Dataset content Start Marker
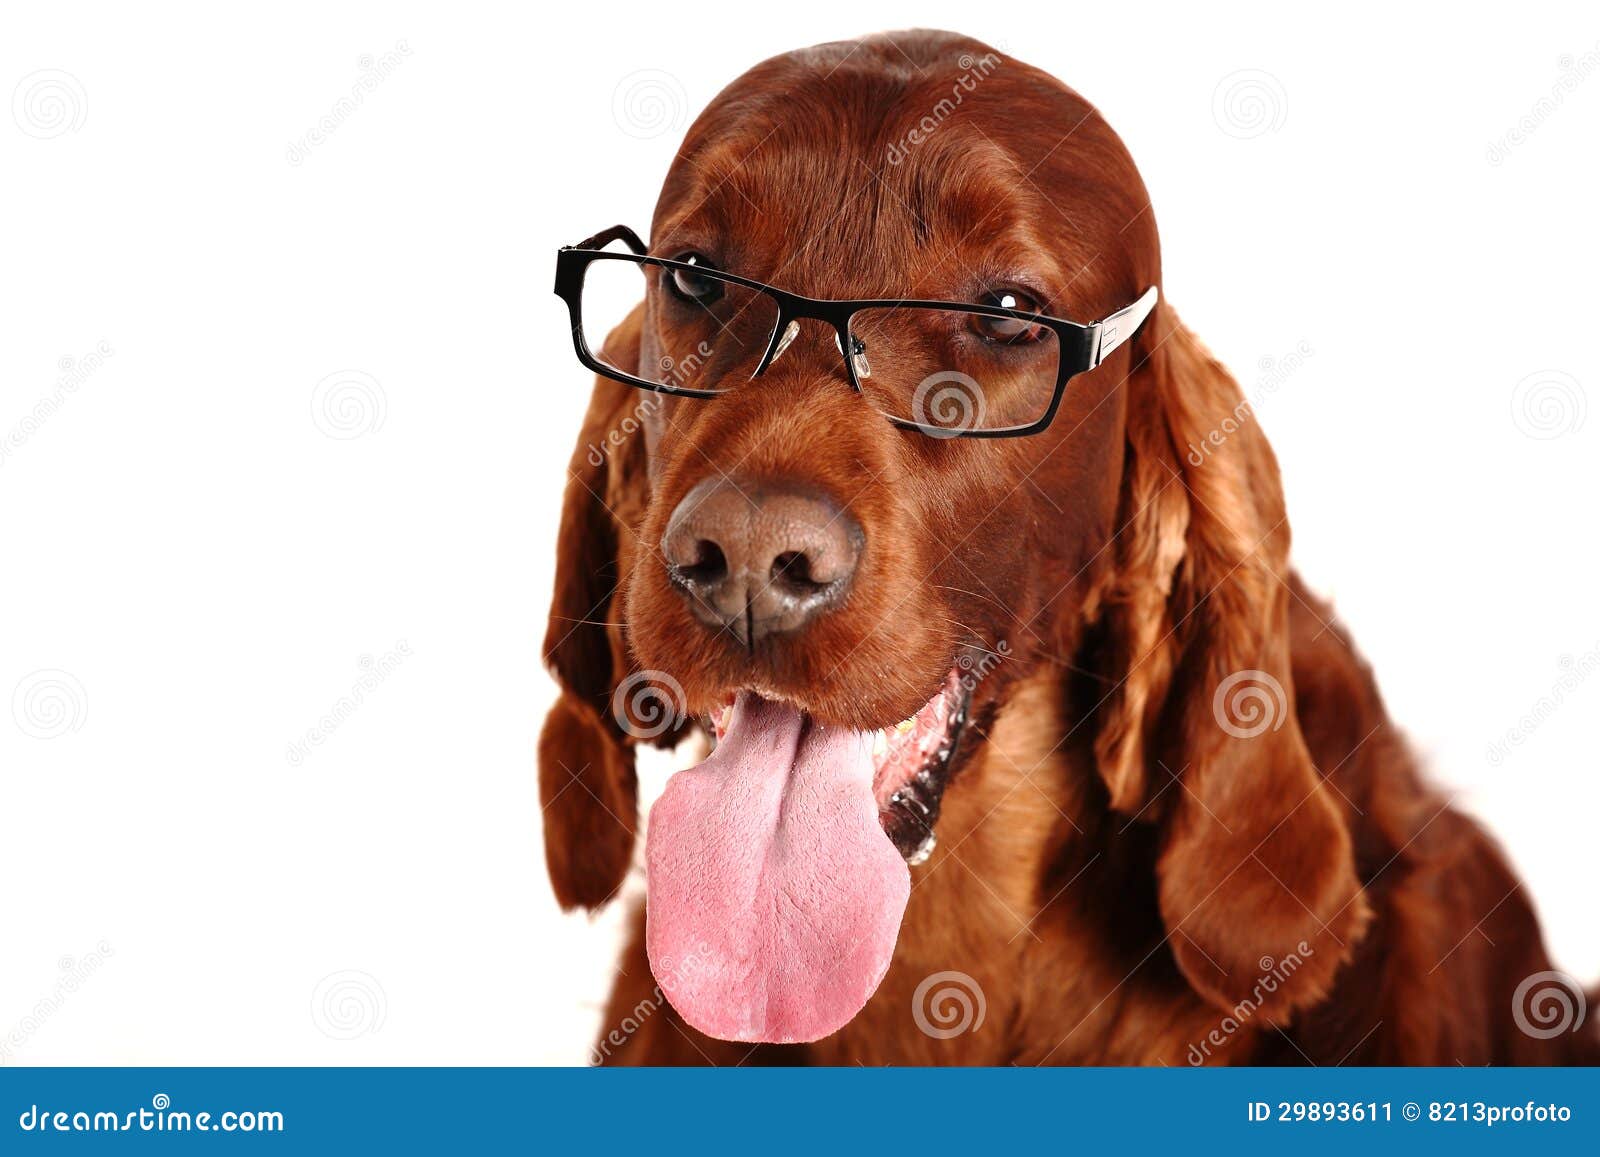 Irish Red Setter Dog In Glasses Stock Image - Image: 298936111300 x 957
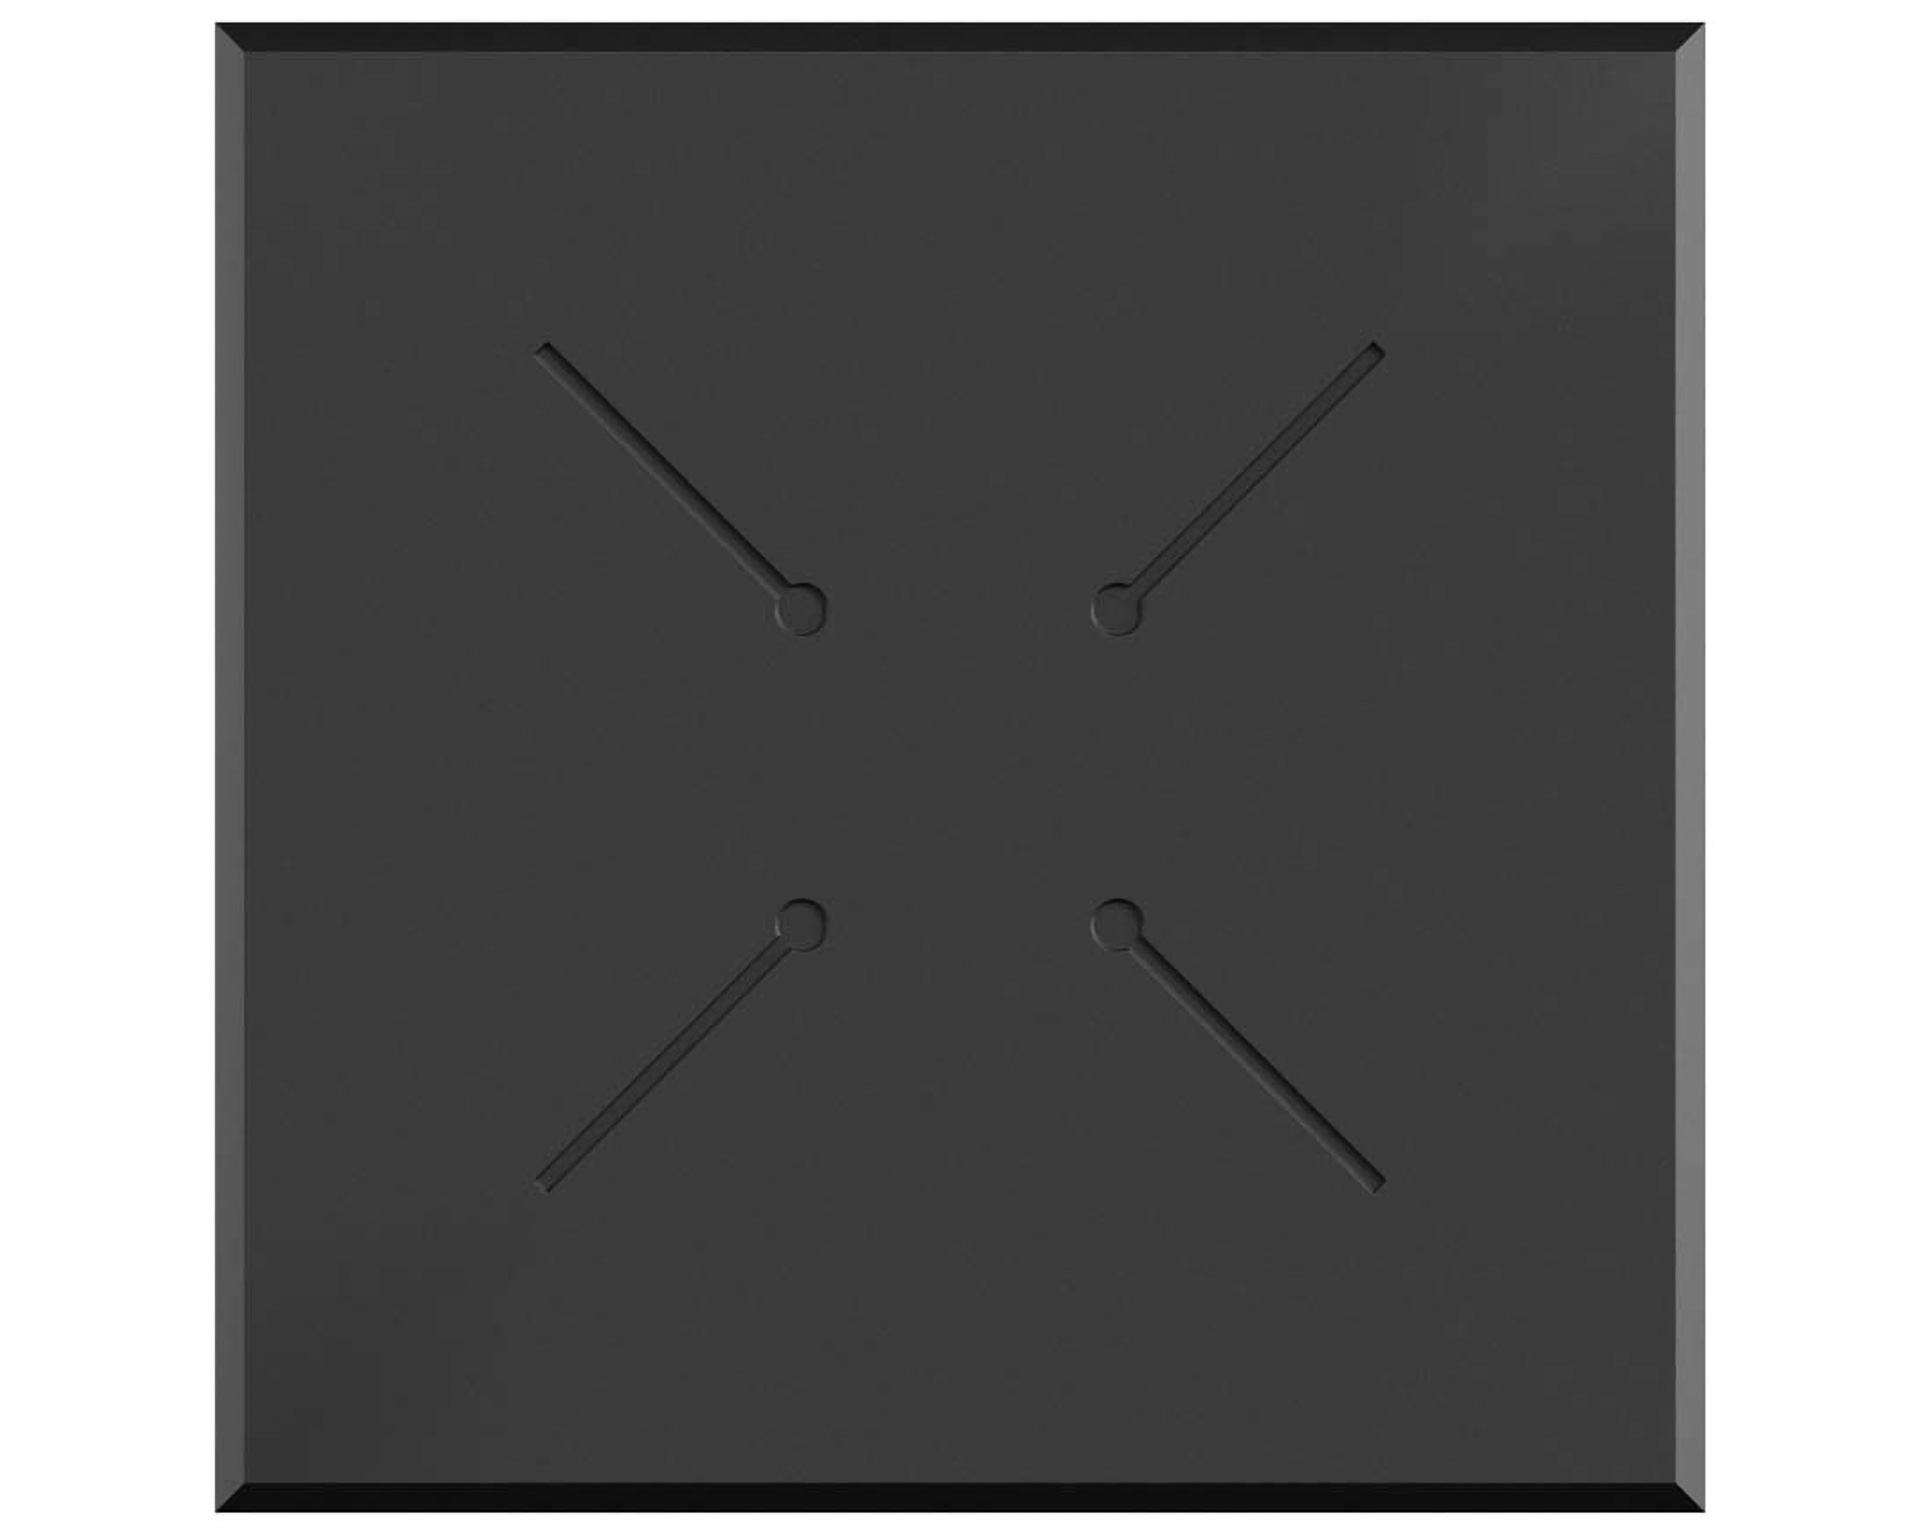 X Cross terrastafel zwart frame + Tropical Wood HPL tafelblad tafelblad 70x70cm
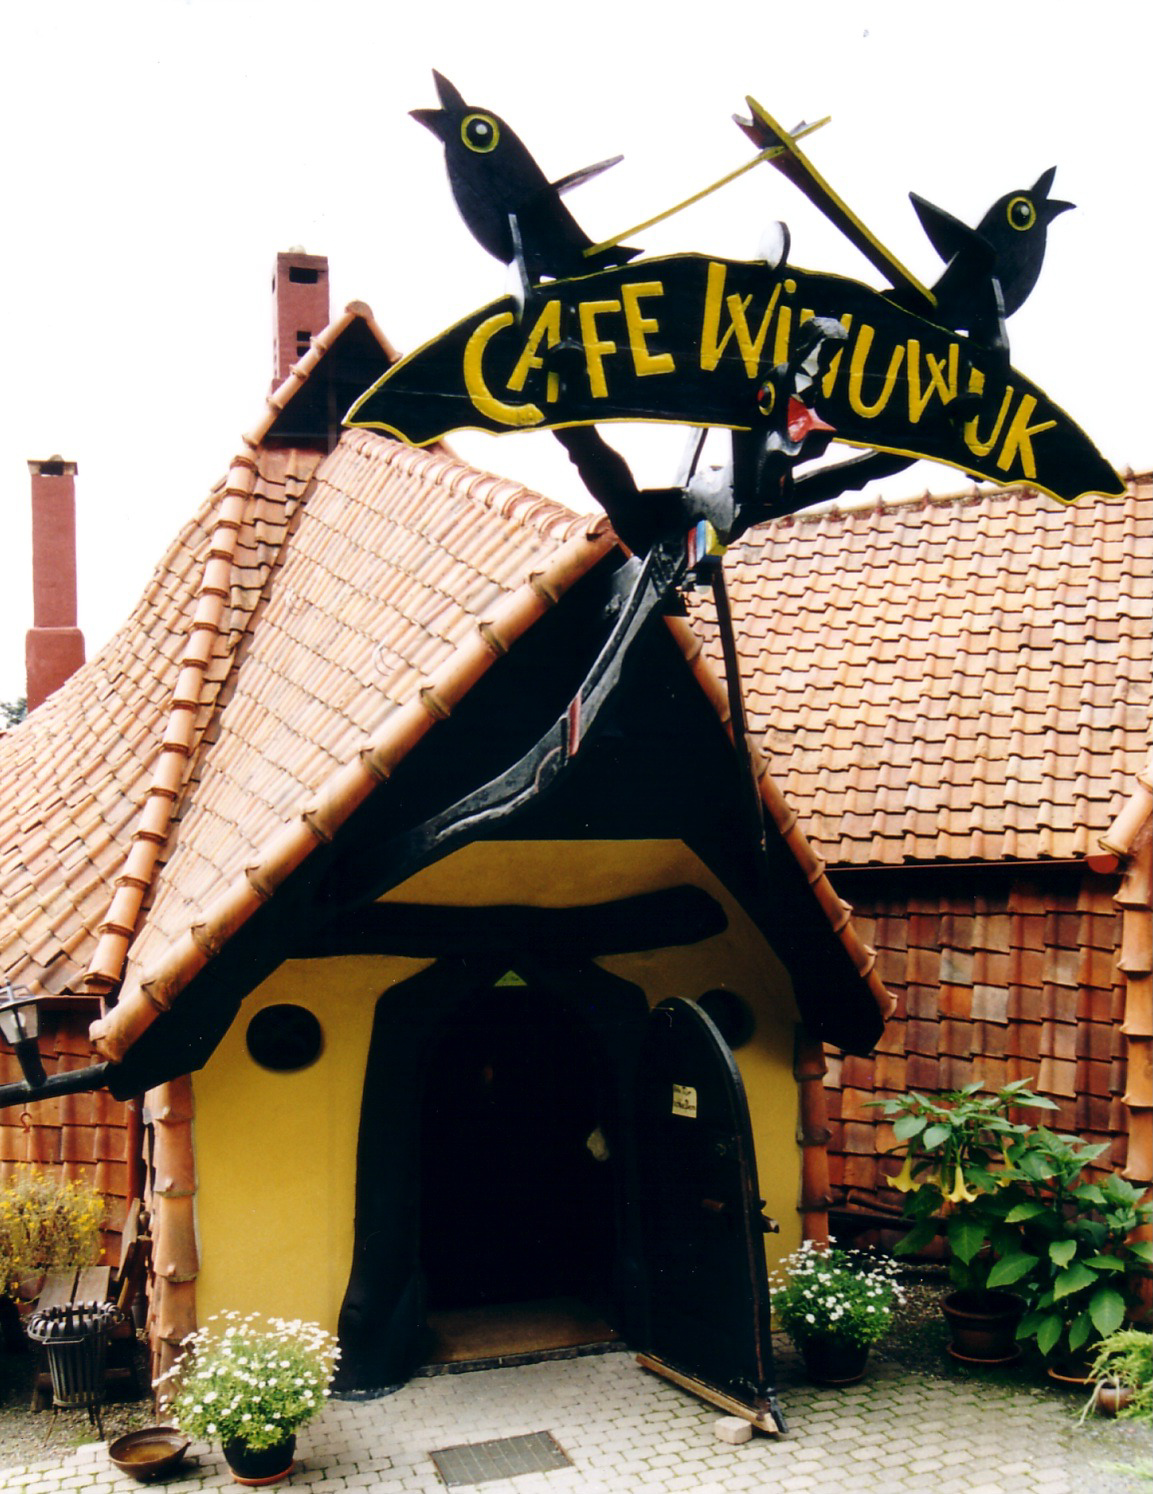 Cafe Winuwuk in Bad Harzburg
Dataset content End Marker
Task goal:
The whole listing above, minus its pictures, is what you should write out word for word.

Exercise response:
 Irish Red Setter Dog In Glasses Stock Image - Image: 298936111300 x 957
 X Cross terrastafel zwart frame + Tropical Wood HPL tafelblad tafelblad 70x70cm
 Cafe Winuwuk in Bad Harzburg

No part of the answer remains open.